3:51:56 drmeister When I do this in aclasp: (mp:process-run-function nil #'(lambda () (catch 'x (eval '(throw 'x 10)))))

3:52:08 drmeister it crashes. I run it under gdb ...

3:52:22 drmeister aw shoot - I forgot the signal thing... hang on.

3:52:40 stassats just dump a core

3:59:48 drmeister Ok - got it - What's up with the <signal handler called> ?

4:00:02 stassats a signal handler is being called

4:00:16 drmeister Ah - that illuminates things.

4:00:27 drmeister Reading MPS docs

4:00:28 stassats what more can be said about that?

4:01:08 stassats should be sigsegv

4:01:37 drmeister Well, MPS uses barriers and signals as part of its operation...

4:01:40 drmeister "You may need to make sure that the debugger isn’t entered on barrier(1) hits (because the MPS uses barriers to protect parts of memory, and barrier hits are common and expected)."

4:02:35 drmeister "On OS X, barrier hits do not use signals and so do not enter the debugger."

4:02:56 drmeister Clasp is currently the only system that uses MPS with multithreading.

4:03:29 drmeister Maybe there is an issue - or we have to accommodate MPS signals.

4:03:52 stassats why are you focusing on signals?

4:04:01 stassats you have a segfault, it's the same signal

4:05:08 stassats mps punts on it, not in its memory, should've printed something instead

4:05:39 stassats but now you'll have to inspect the context to see where it has faulted

4:06:59 drmeister I'm a bit slow and I don't know what's going on. What is the deal with segfault?

4:08:33 stassats so the address is 0x3e800003e8d

4:08:37 stassats not a zero or anything

4:12:14 stassats drmeister: are you registering thread memory regions correctly with mps?

4:12:57 drmeister I believe that I am ...

4:13:19 drmeister https://github.com/drmeister/clasp/blob/dev/src/core/mpPackage.cc#L117

4:14:18 drmeister start_thread is called when the thread is started and I create thread local allocation points, register the thread and register the thread stack.
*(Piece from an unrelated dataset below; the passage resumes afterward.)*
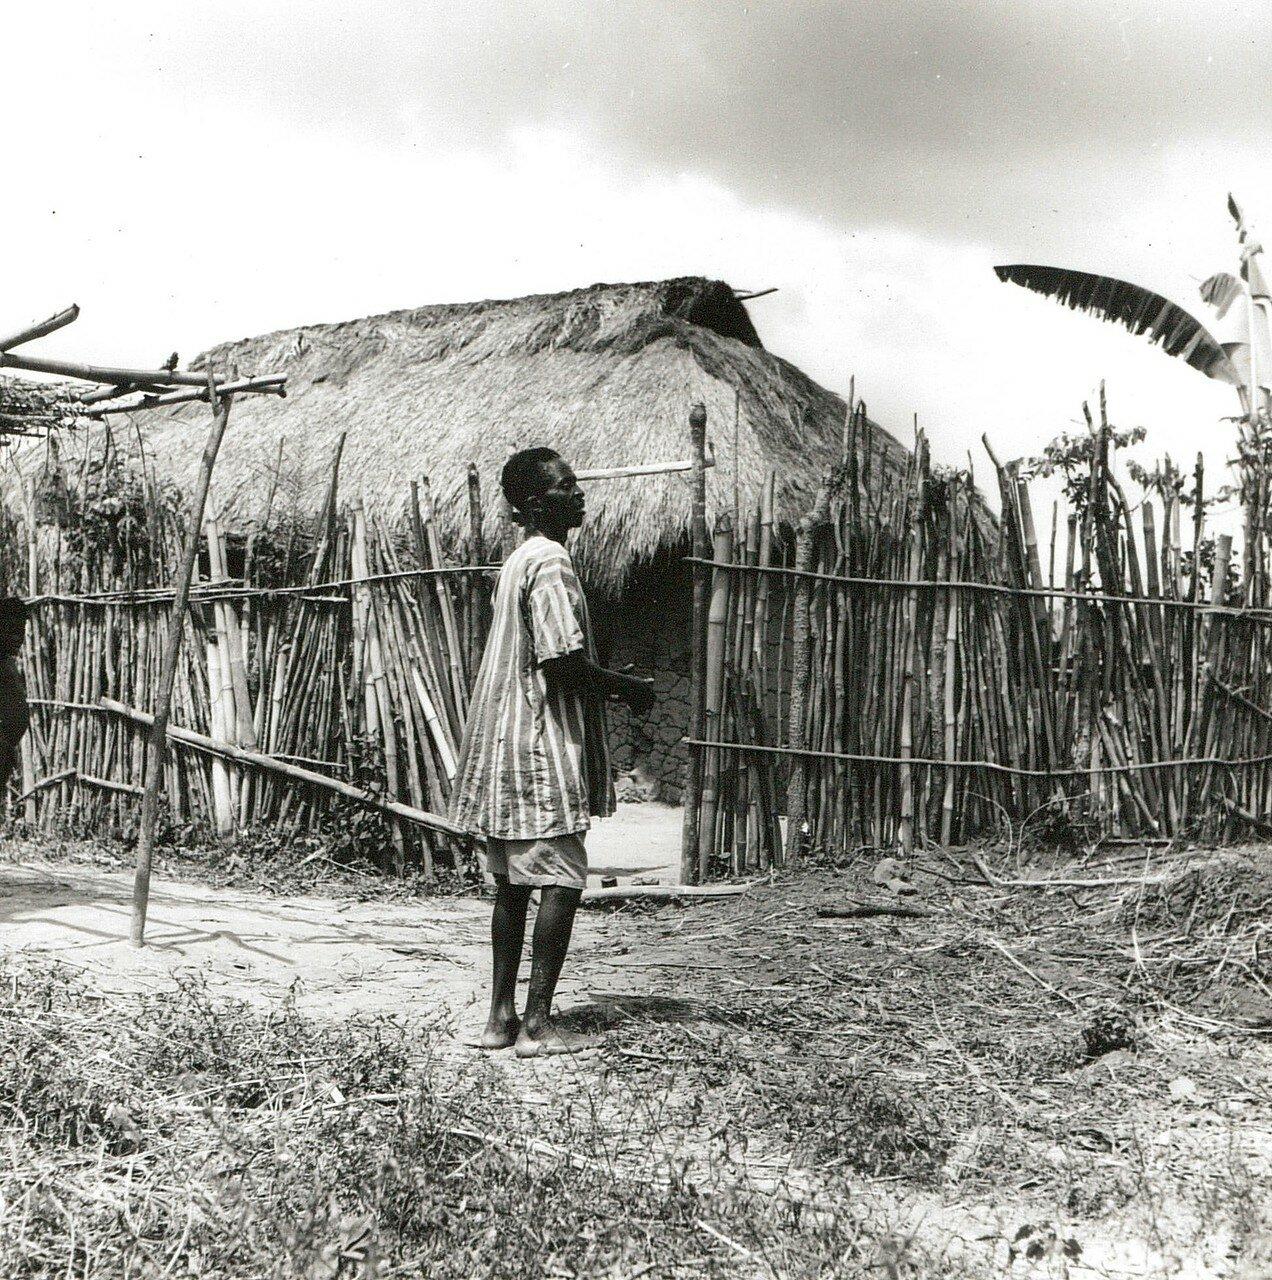 Гана. Деревня в саванне. Местный житель возле огороженной хижины
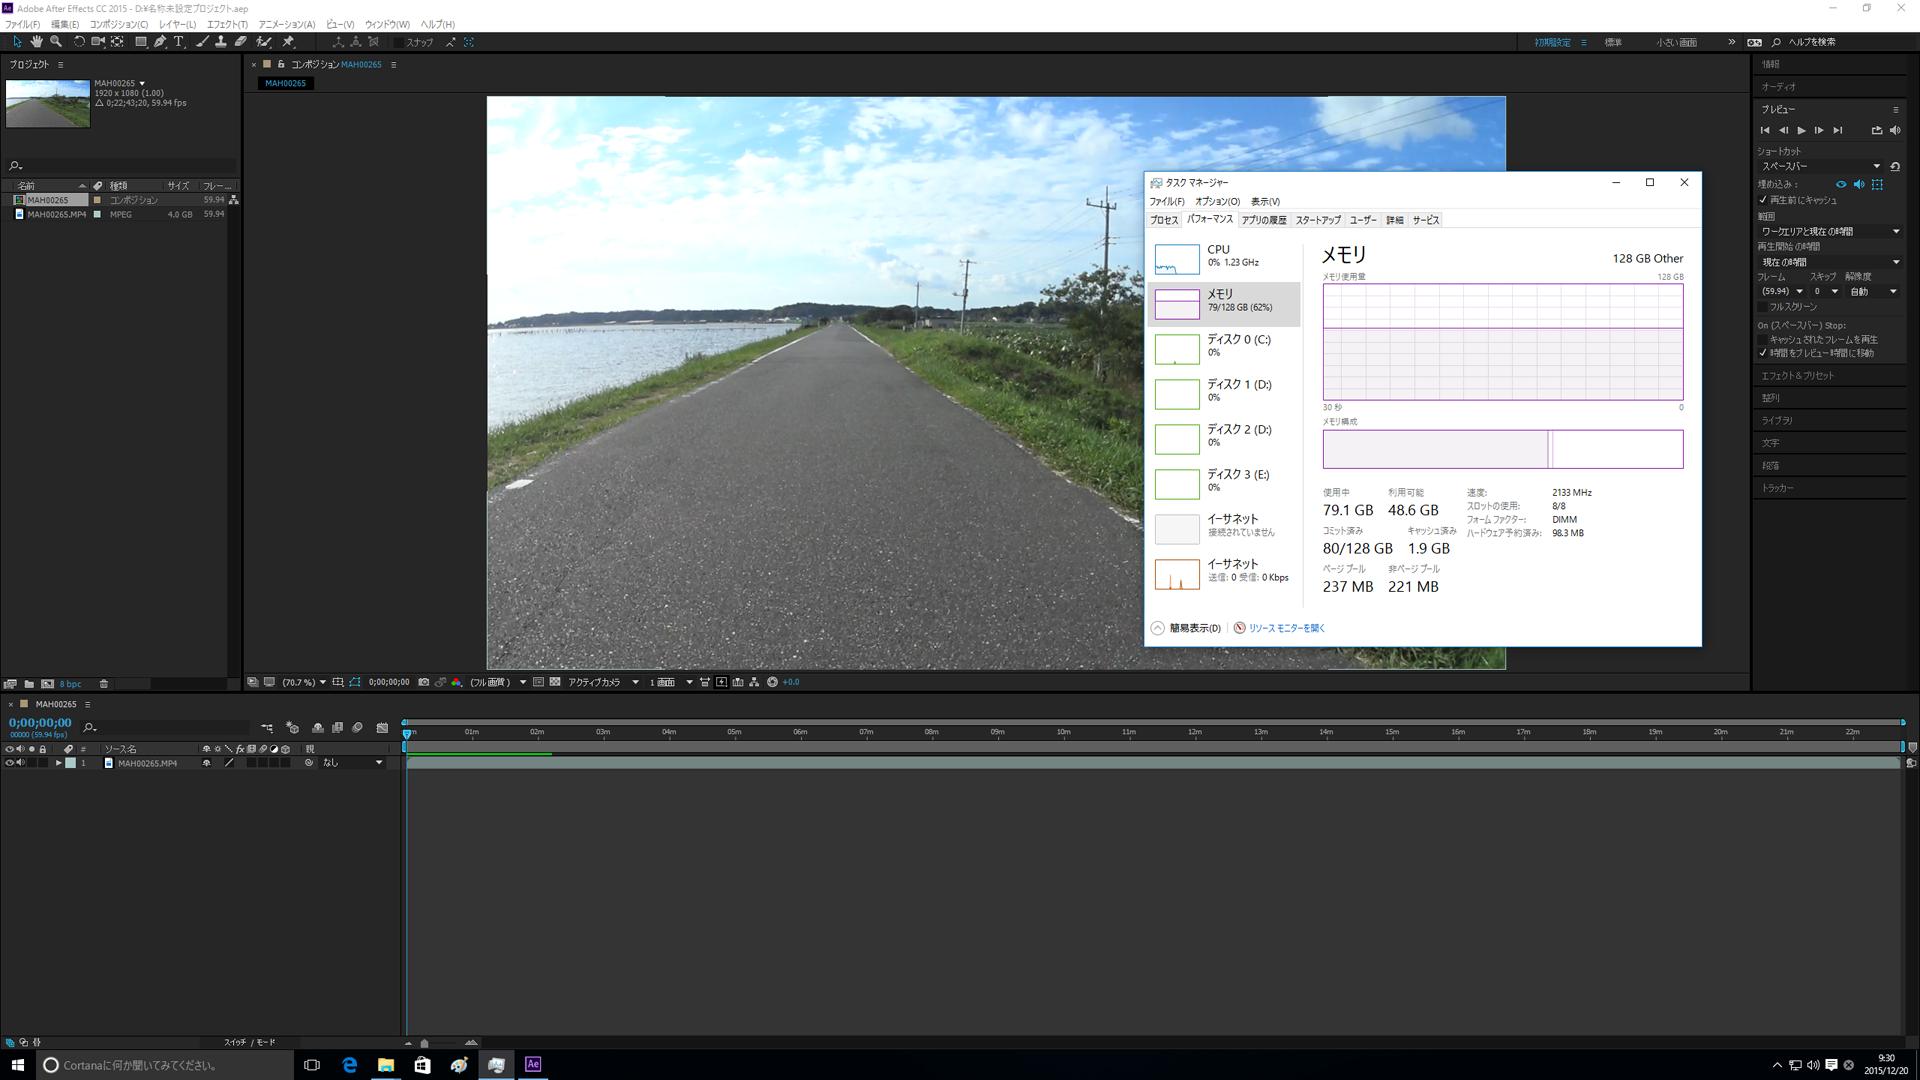 After Effectsが使えるメモリ領域を100GBにした場合(左)と、16GBにした場合(右)のプレビュー時間(フル画質)の違い。100GBで2分14秒、16GBで19秒となった。タイムライン上部の緑色のラインが作成されたプレビューの時間を示している。

4:16:41 stassats if it's a valid address, then it knows to protect the region, but not that it belongs to it

4:17:37 drmeister Where do you get the address: 0x3e800003e8d

4:17:52 stassats from the ucontext

4:18:04 drmeister This is the top of my stack:

4:18:07 drmeister https://www.irccloud.com/pastebin/XDjXWAGd/

4:20:23 stassats siginfo, rather

4:21:20 stassats p $_siginfo._sifields._sigfault.si_addr

4:22:07 drmeister (gdb) p $_siginfo._sifields._sigfault.si_addr -> $1 = (void *) 0x3e800005861

4:22:21 stassats that's close

4:23:19 drmeister x/8xg 0x3e800005860 --> 0x3e800005860: Cannot access memory at address 0x3e800005860

4:23:51 drmeister MPS puts hardware barriers on memory - when the program touches it it signals to the MPS that that memory needs to be fixed.

4:23:57 drmeister That's why I'm going on about signals.

4:24:39 stassats yes, i'm familiar with some common gc techniques

4:24:49 stassats but this is more likely a misdirection

4:25:12 drmeister Ok - sorry - I don't want to teach my gramma to suck eggs.

4:25:26 stassats well, it could very well be all of the above

4:25:28 drmeister What do you mean by a misdirection?

4:26:02 drmeister Other than - we might be being led down the wrong track

4:26:19 drmeister What is: p $_siginfo._sifields._sigfault.si_addr ?

4:26:29 stassats the fault address

4:26:43 drmeister The memory address that was read and that caused the fault?

4:27:52 drmeister I don't see that in any of the registers in the frame above the <signal handler called> frame #2 -- although maybe I shouldn't expect to.

4:28:38 drmeister Does info registers give you the values of registers as they were in the frame that I'm currently looking at - or only the current values of the registers in the top frame.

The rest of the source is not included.